Pascual, Adrián; Tupinambá-Simões, Frederico; Guerra-Hernández, Juan; Bravo, Felipe.
Affiliation
  • Pascual A; Department of Geographical Sciences, University of Maryland, College Park, MD, 20742, USA; Universidad de Valladolid | UVA · University Institute for Research in Sustainable Forest Management, Palencia, 34004, Spain. Electronic address: adrian.pascual.arranz@gmail.com.
  • Tupinambá-Simões F; Universidad de Valladolid | UVA · University Institute for Research in Sustainable Forest Management, Palencia, 34004, Spain; Sustainable Forest Management Research Institute UVa-INIA, Avda. Madrid 50, 34071, Palencia, Spain.
  • Guerra-Hernández J; 3edata, Centro de iniciativas empresariais, Fundación CEL, 27004, Lugo, Spain; Forest Research Centre, School of Agriculture, University of Lisbon, Tapada da Ajuda, 1349-017, Lisbon, Portugal.
  • Bravo F; Universidad de Valladolid | UVA · University Institute for Research in Sustainable Forest Management, Palencia, 34004, Spain; Sustainable Forest Management Research Institute UVa-INIA, Avda. Madrid 50, 34071, Palencia, Spain.
J Environ Manage ; 310: 114804, 2022 May 15.

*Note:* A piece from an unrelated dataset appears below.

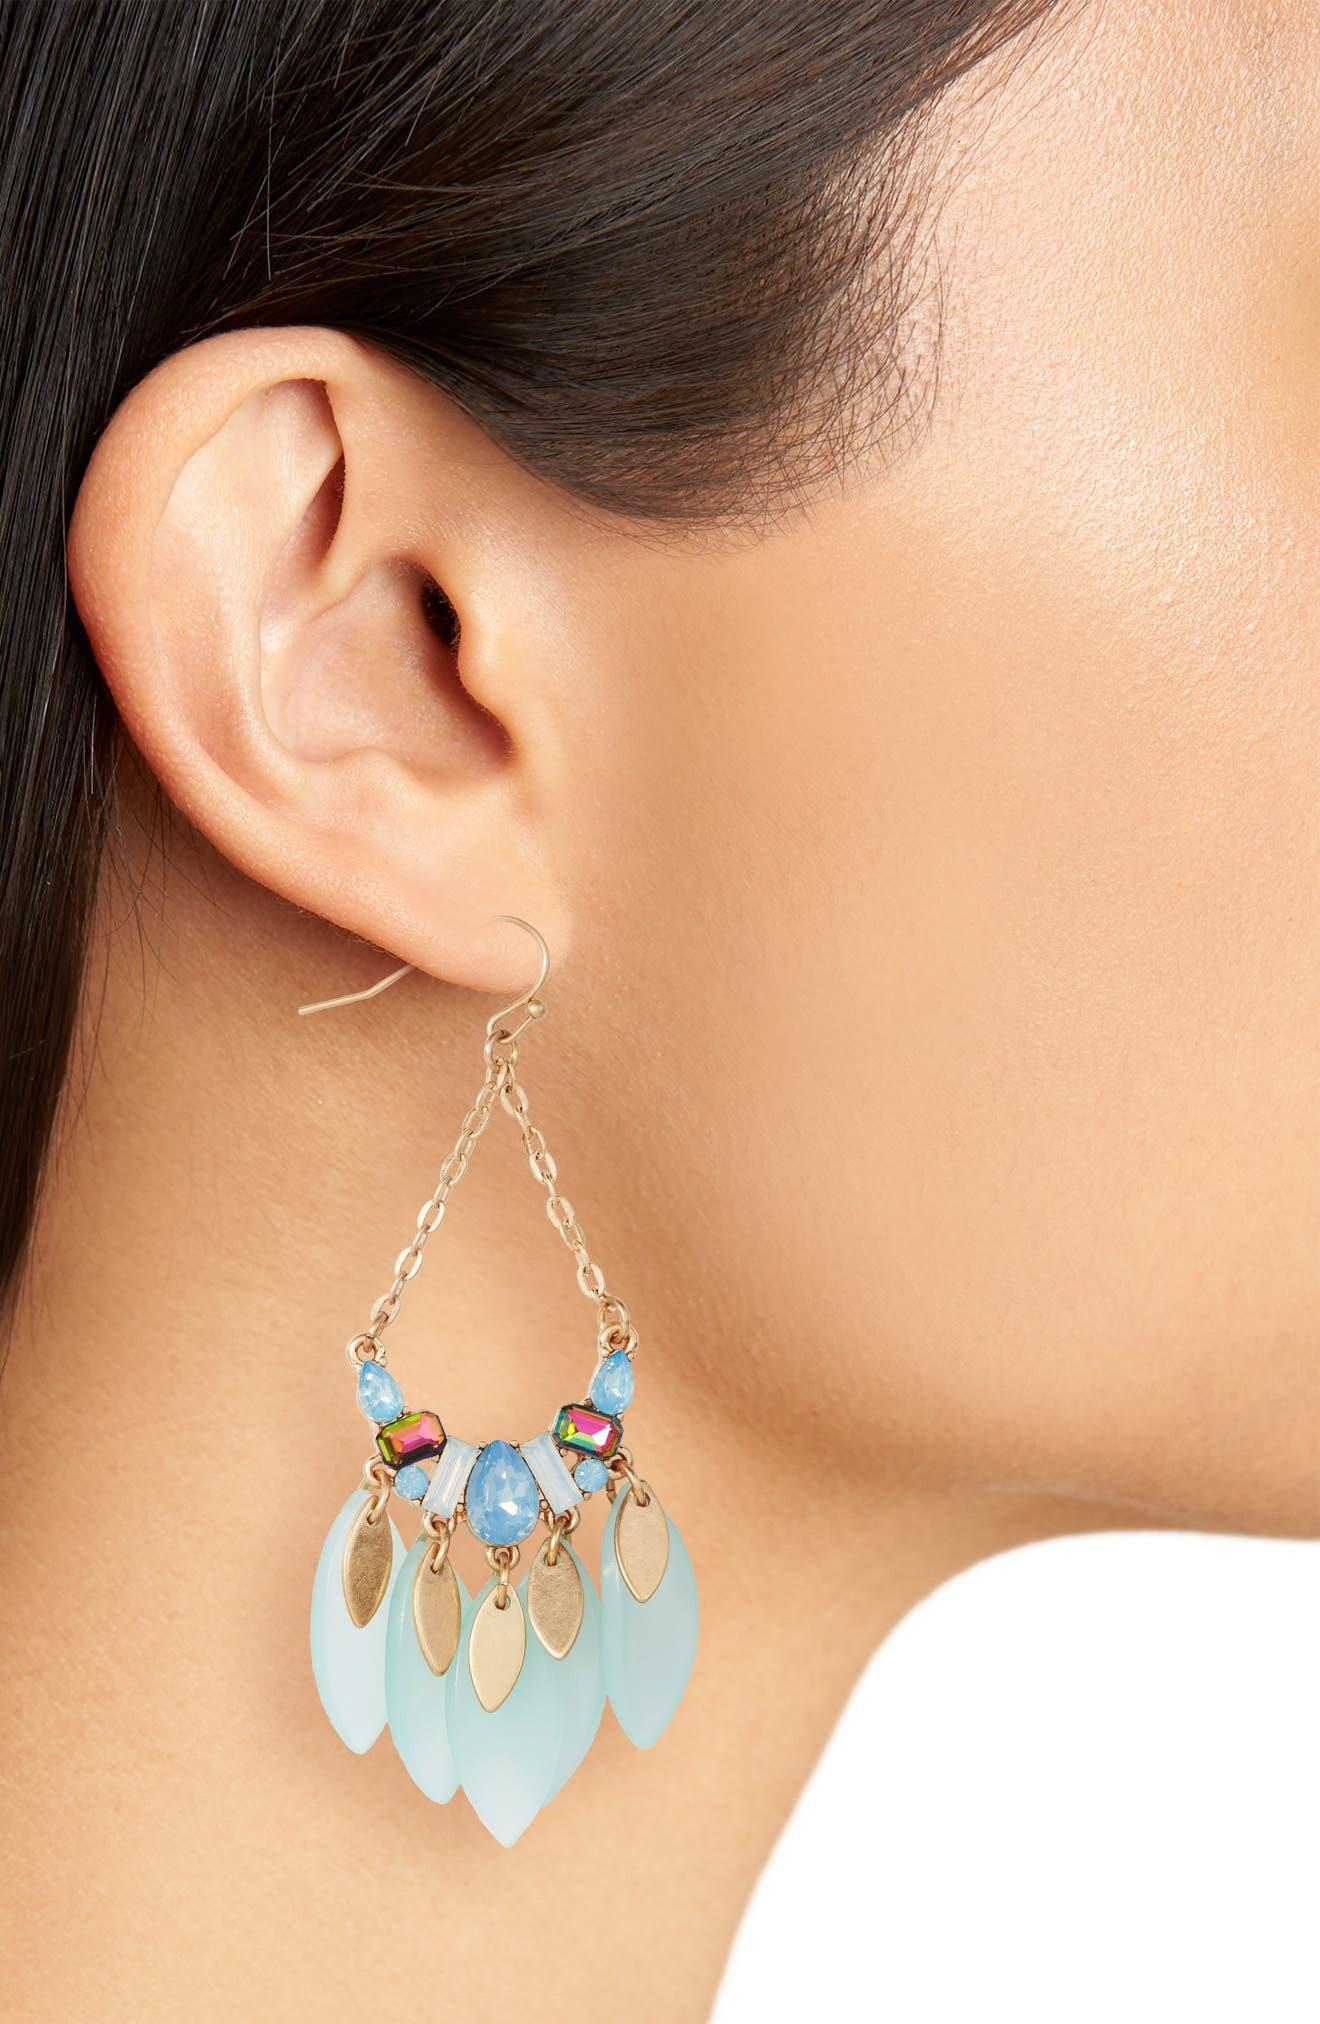 Petal Teardrop Earrings,                             Alternate thumbnail 2, color,                             450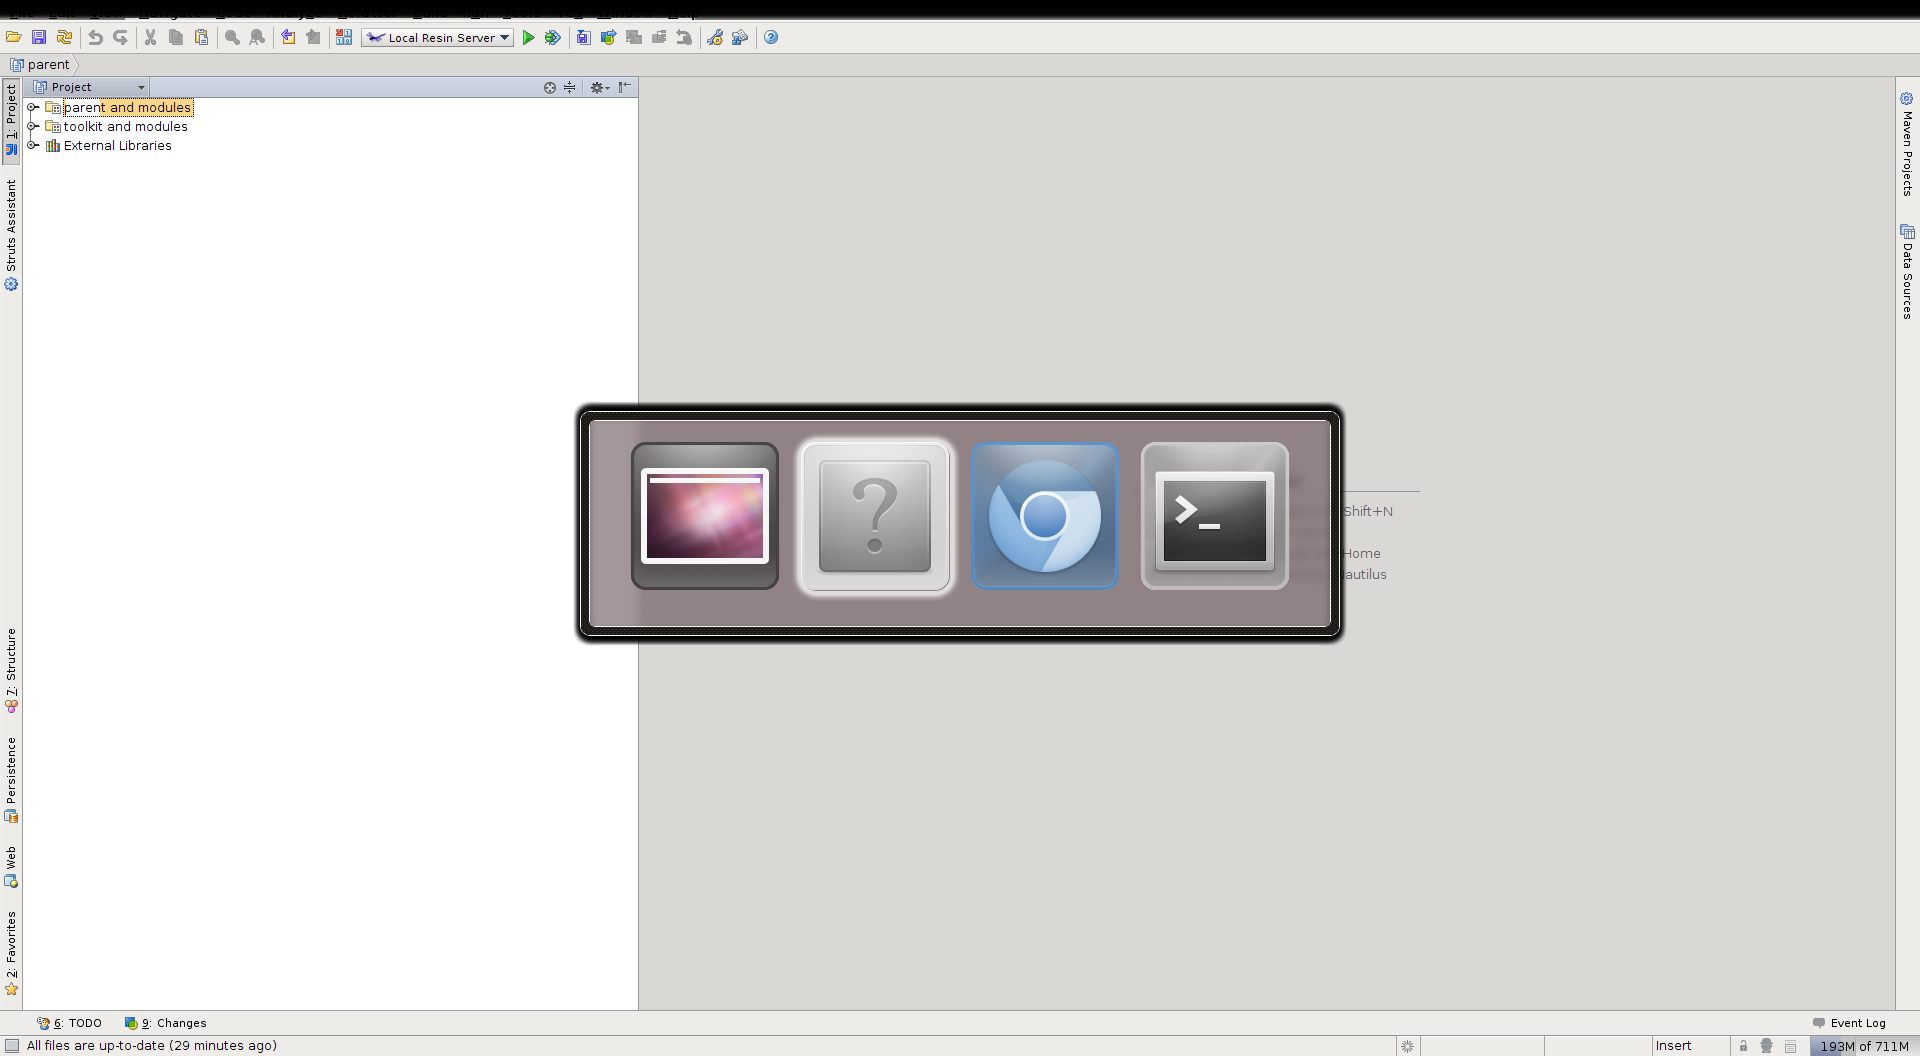 intellij-missing-icon-in-ubuntu-switcher.png

Article in En | MEDLINE | ID: mdl-35240567
Global high-resolution imagery is a well-assimilated technology in forest mapping. The release of the Norway's International Climate & Forests Initiative (NICFI) Planet tropical basemaps time-series starting in 2015 at a 4.77-m resolution represents a unique opportunity to forecast climate change consequences such as drought episodes. Using multi-temporal ground surveys over 144 plots and publicly available high-resolution Planet dove time-series imagery we evaluate forest mortality patterns driven by imaging spectroscopy methods in Mato Grosso (Brazil) over an area planted with eucalypts severely affected by the 2019 drought. Changes in vegetation indexes before and after the 2019 drought were modelled using the effective logistic regression modelling to explain variation in tree mortality between the surveys, the dependent variable. We aimed to straightforwardly model tree mortality using change vectors in Planet's image mosaics co-registering in time with the observed tree mortality measurements in the field. The results showed differences in Normalized Difference Vegetation Index (NDVI) as the most significant predictor variable under the effective logistic regression modelling performed. The efficacy of 80.98% in concordance pairs correctly classified represented 0.81 of area under the Receiver Operating Curve (ROC). The release of the 2015-2020 Planet imagery in the tropics at 4.77-m resolution represents a valuable dataset to better understand previous natural disturbances and a powerful technology to detect in advance, and monthly after September 2020, eucalypt areas prone to harmful and increasingly frequent water-stress episodes.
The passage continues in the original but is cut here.